■ Dataset content
*** Begin section ***
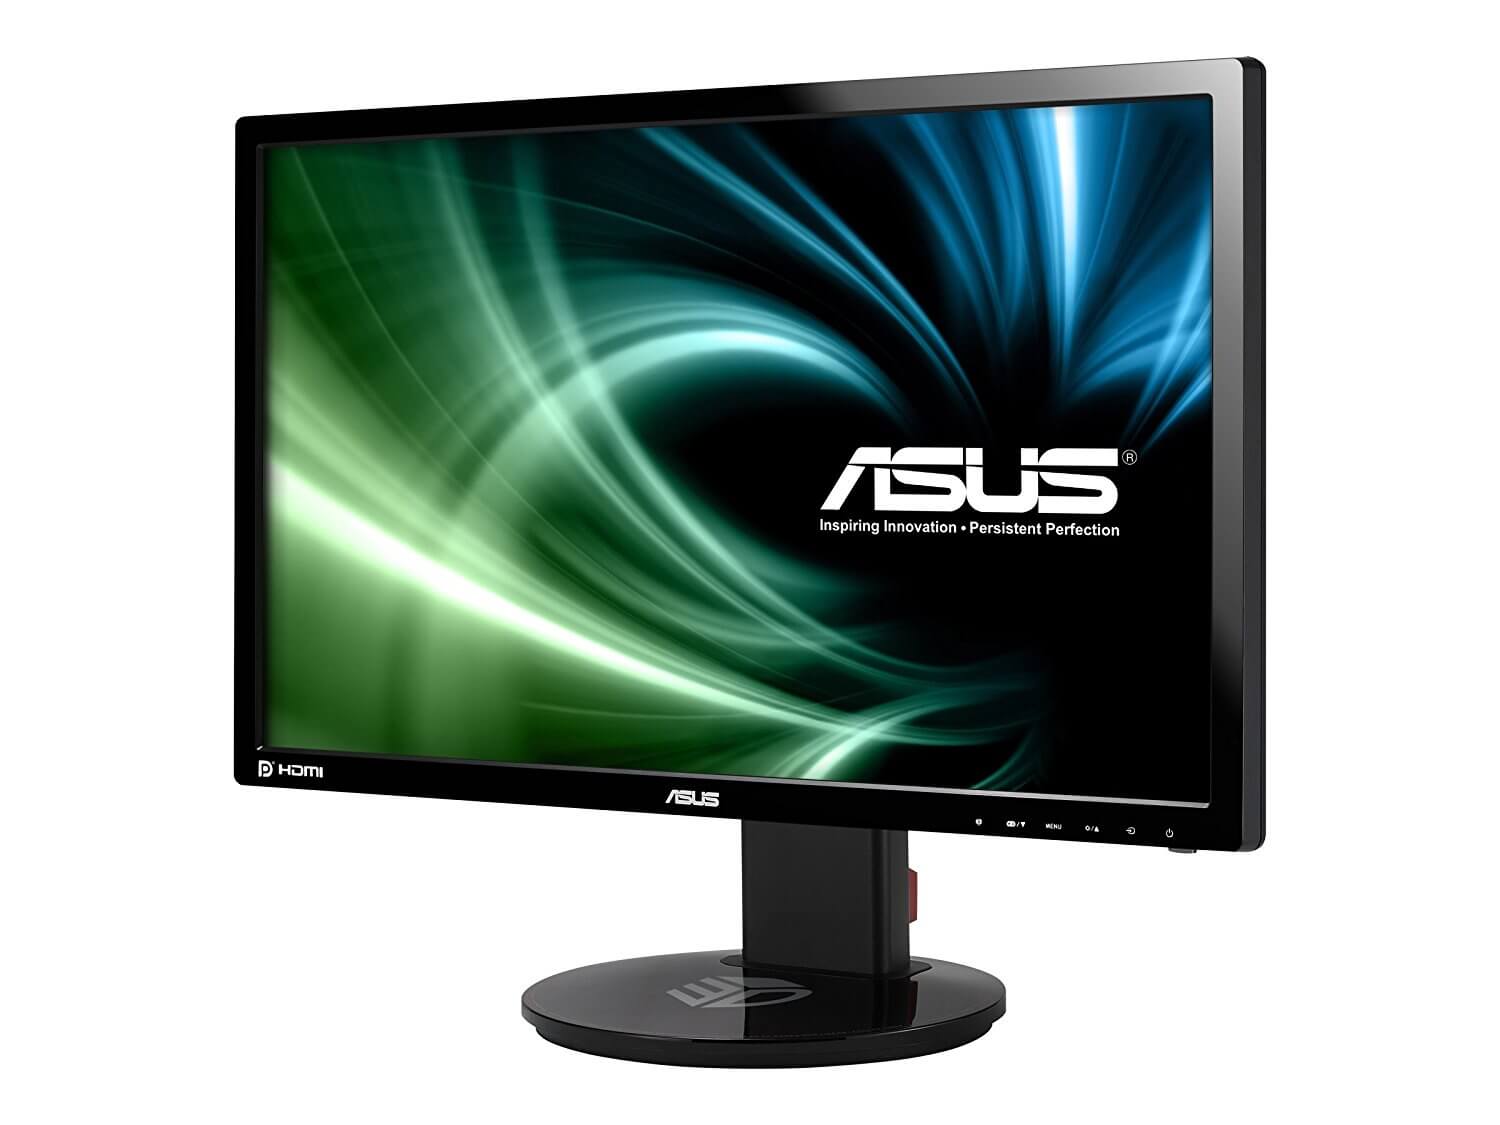 ASUS VG248QE Features
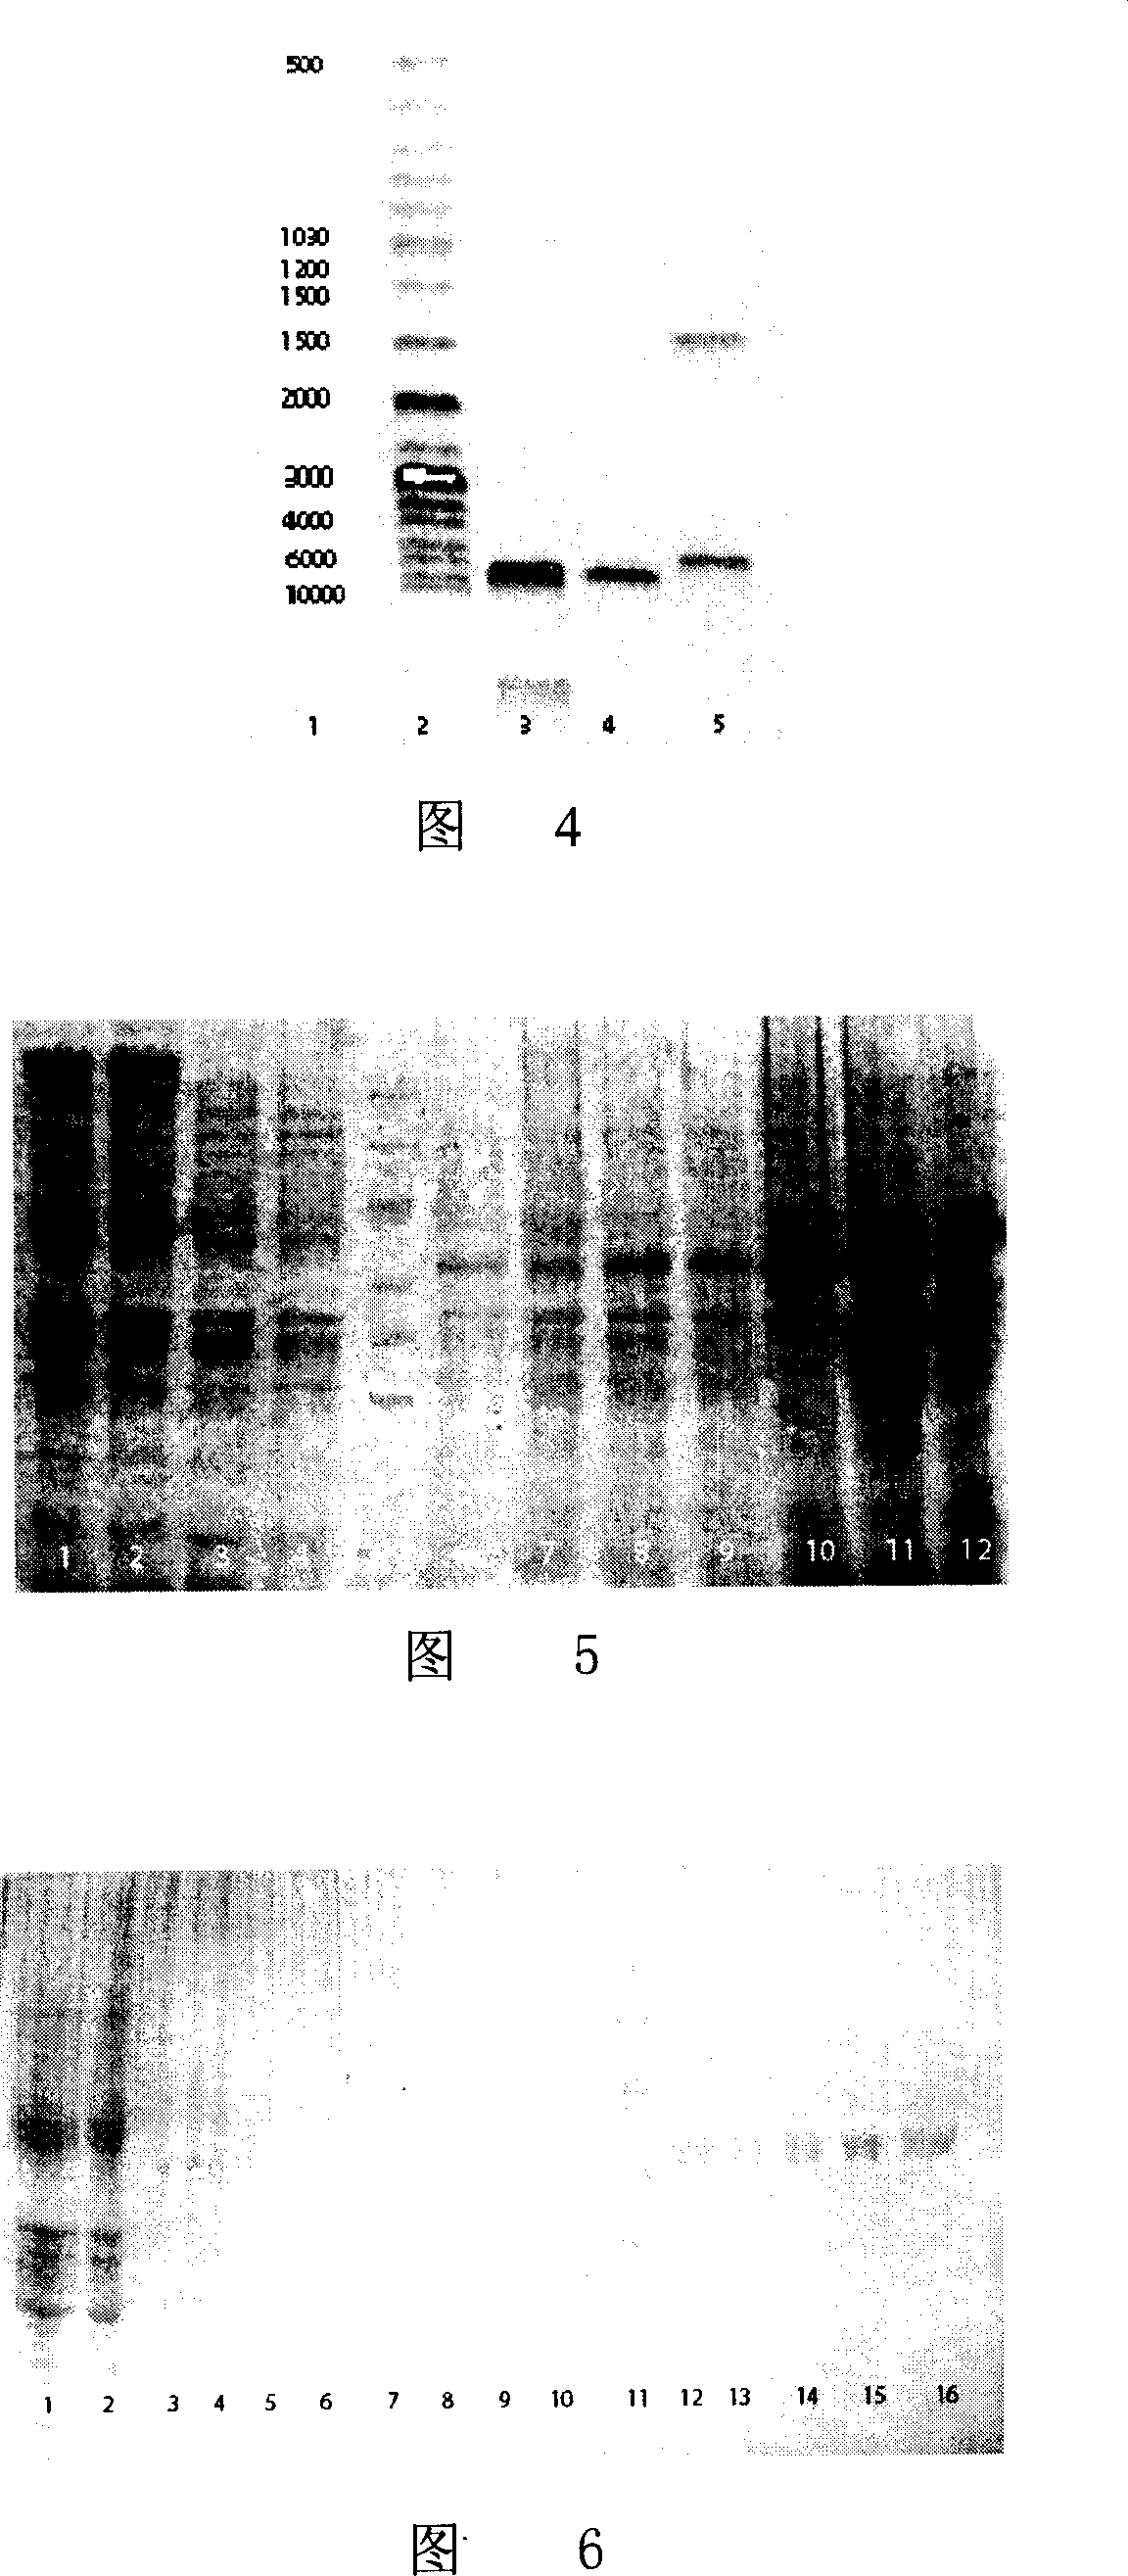 Gene expression product of extro-cellular domain amino end of human thyrotropin receptor, its preparing method and application in enzyme immune technology
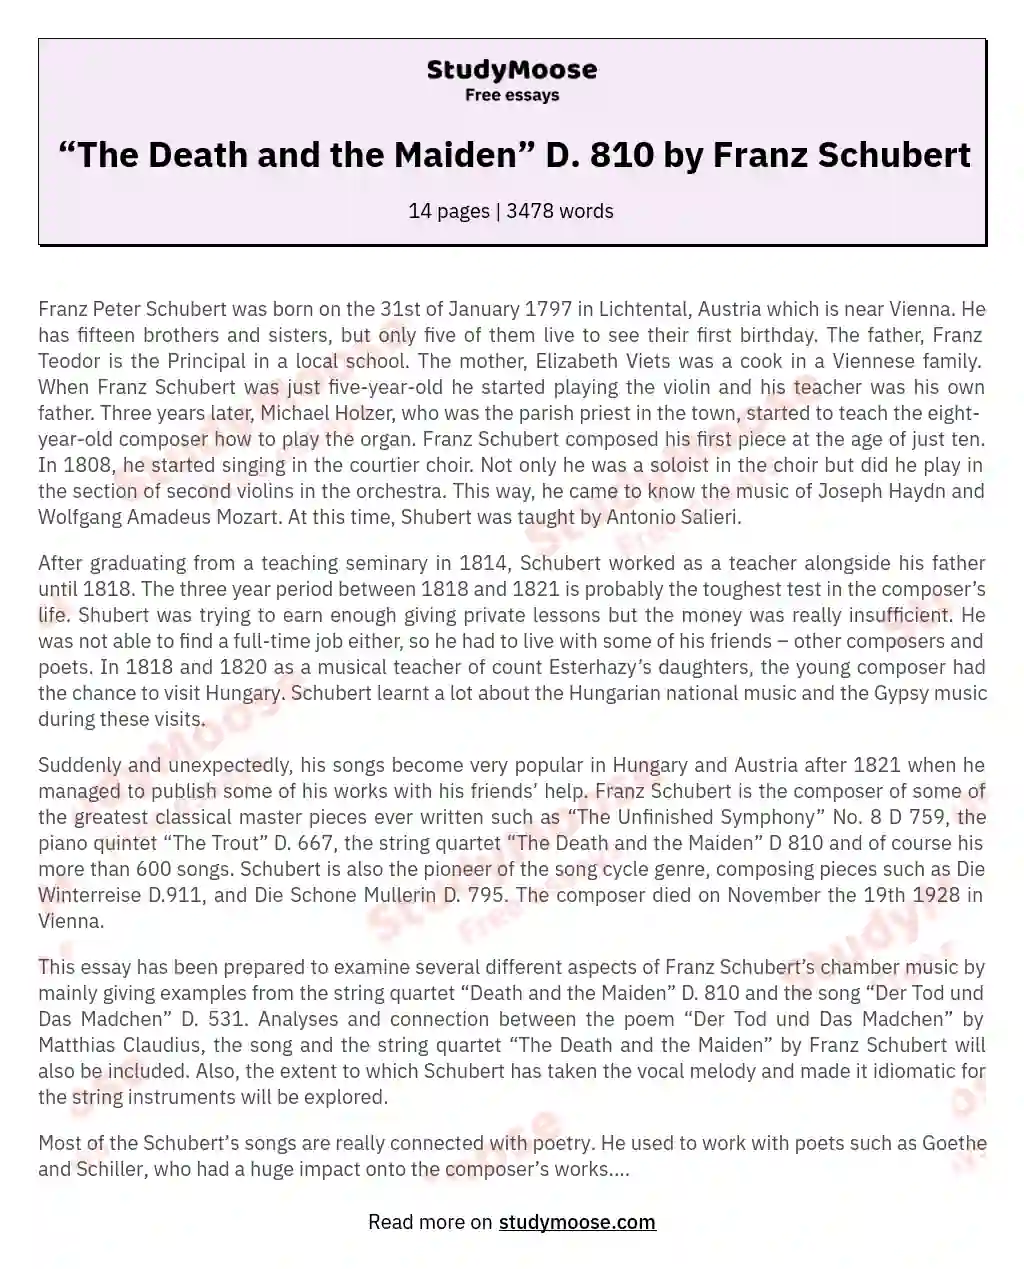 “The Death and the Maiden” D. 810 by Franz Schubert
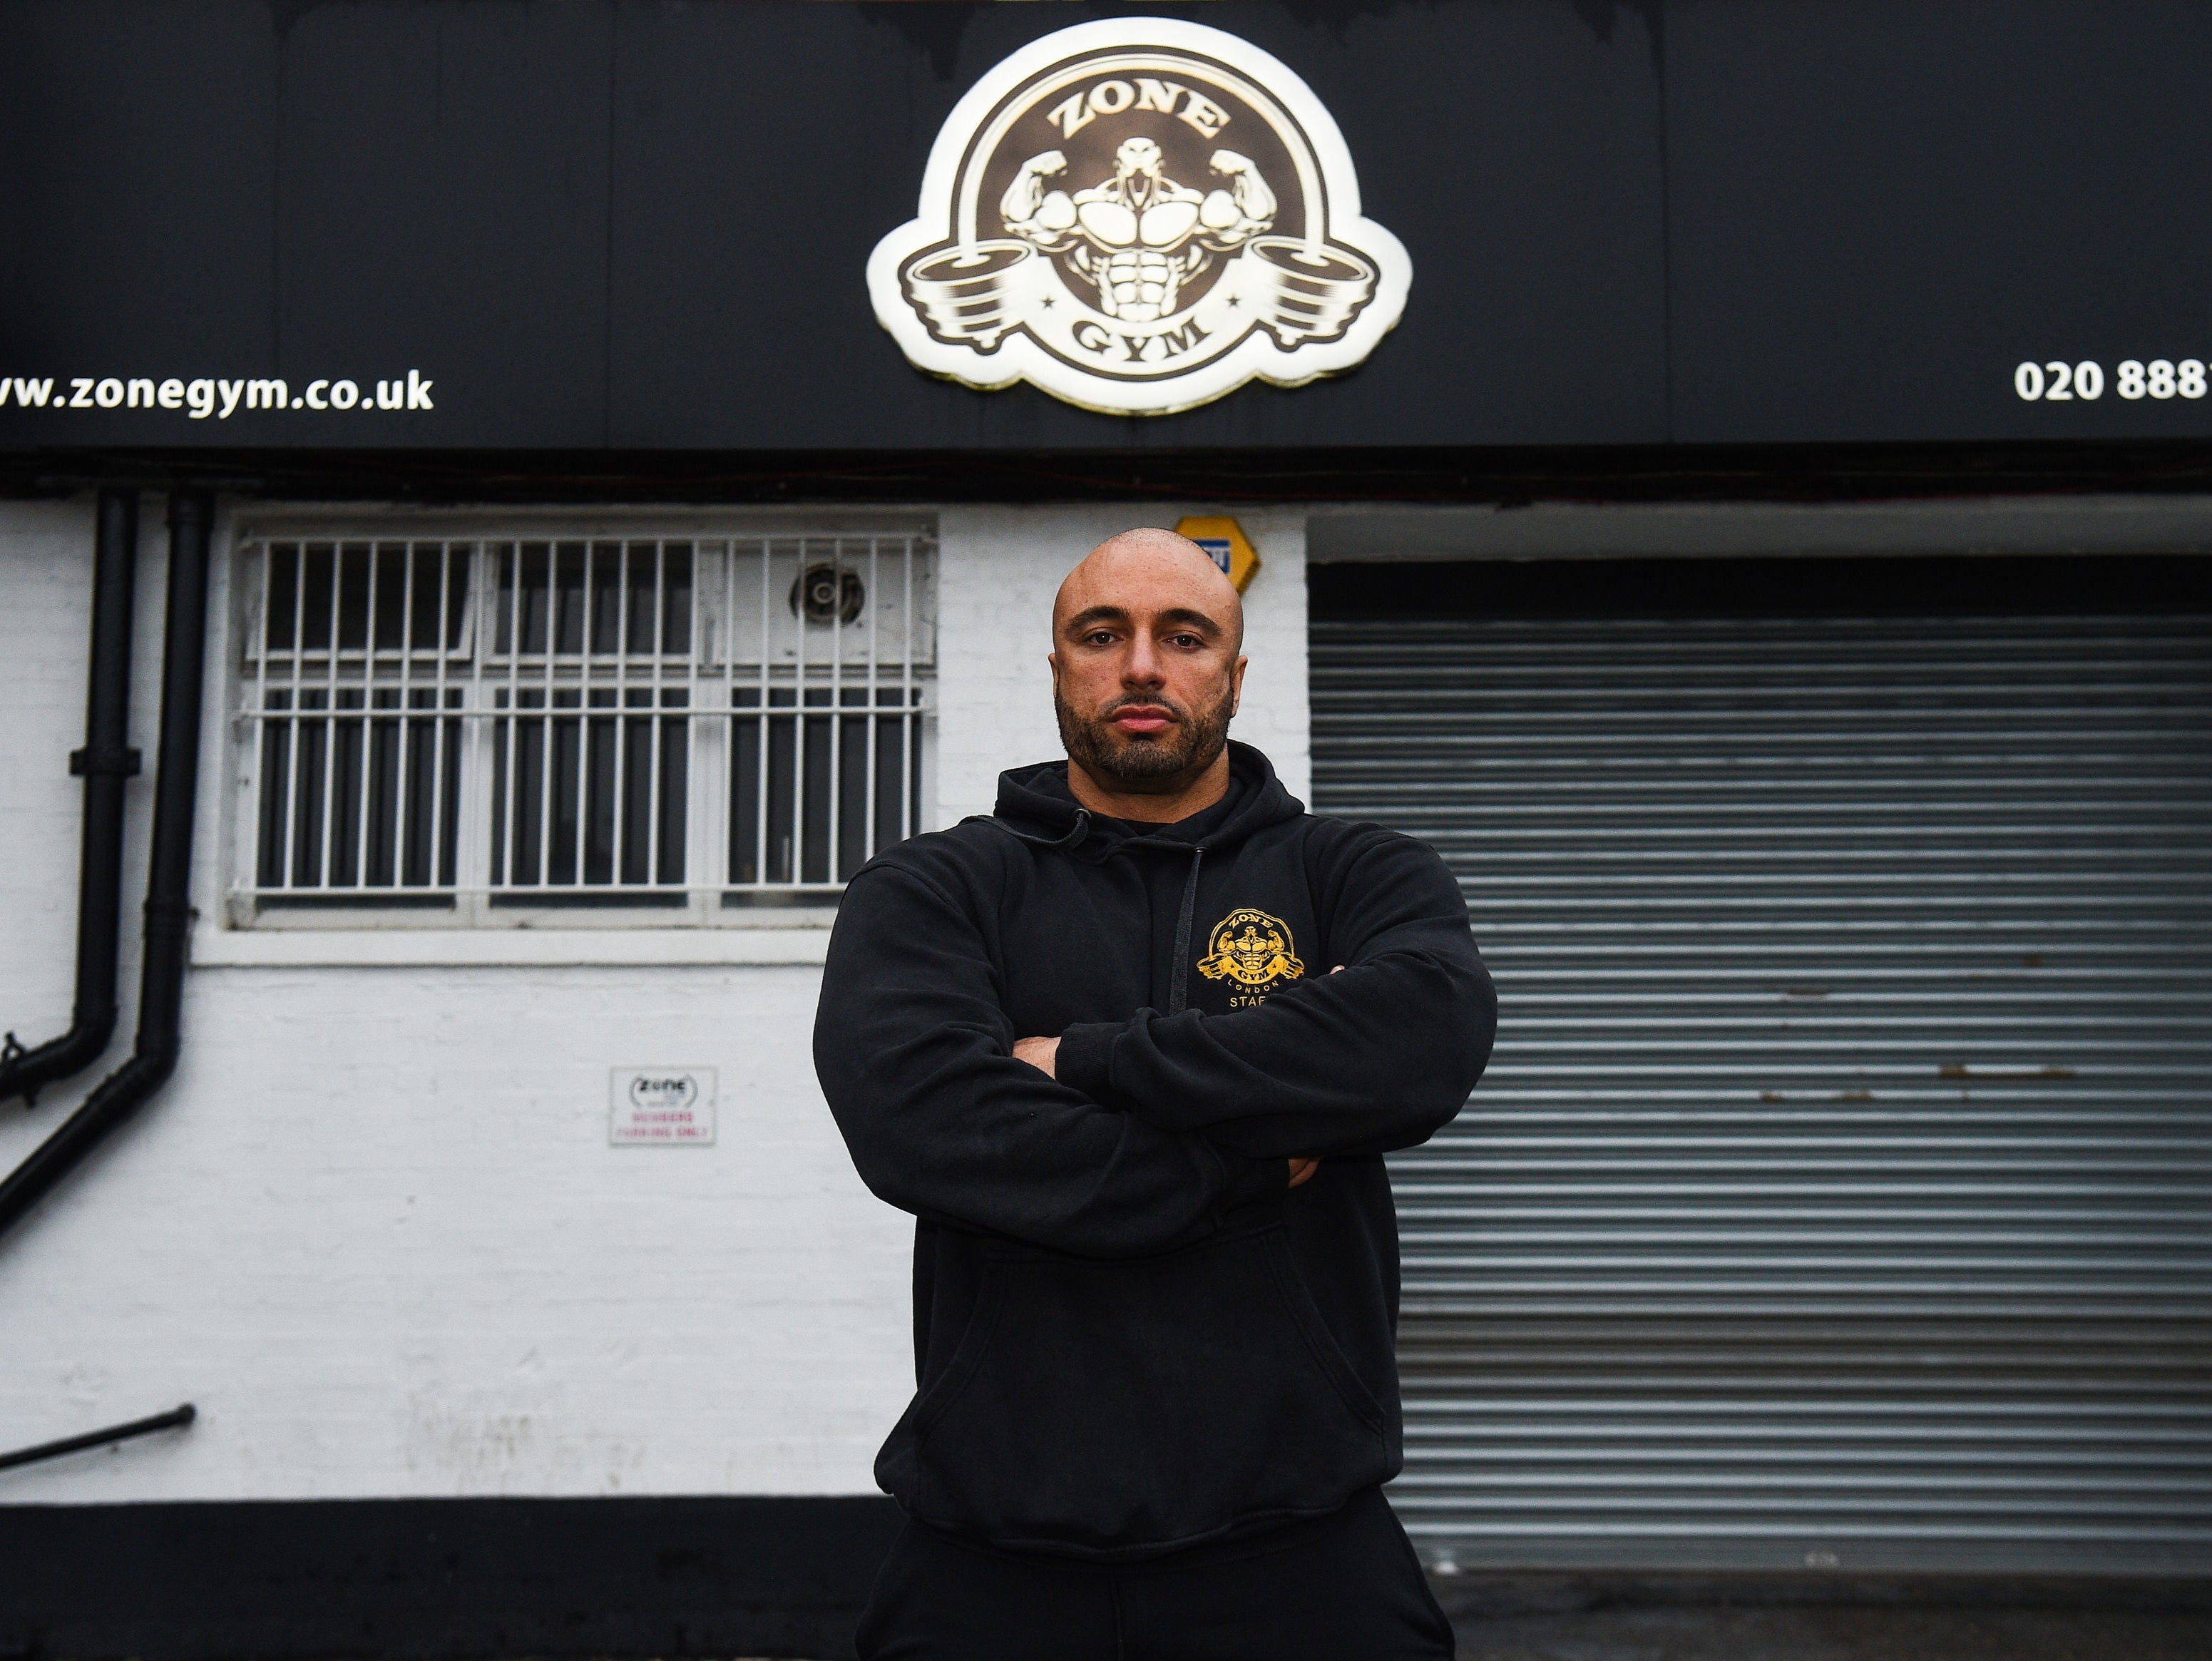 Andreas Michli had defied lockdown rules by keeping his gym open
*** End section ***
Retype the data above in full, exactly as it stands, and skip any image.

 ASUS VG248QE Features
 Gene expression product of extro-cellular domain amino end of human thyrotropin receptor, its preparing method and application in enzyme immune technology
 “The Death and the Maiden” D. 810 by Franz Schubert
 Andreas Michli had defied lockdown rules by keeping his gym open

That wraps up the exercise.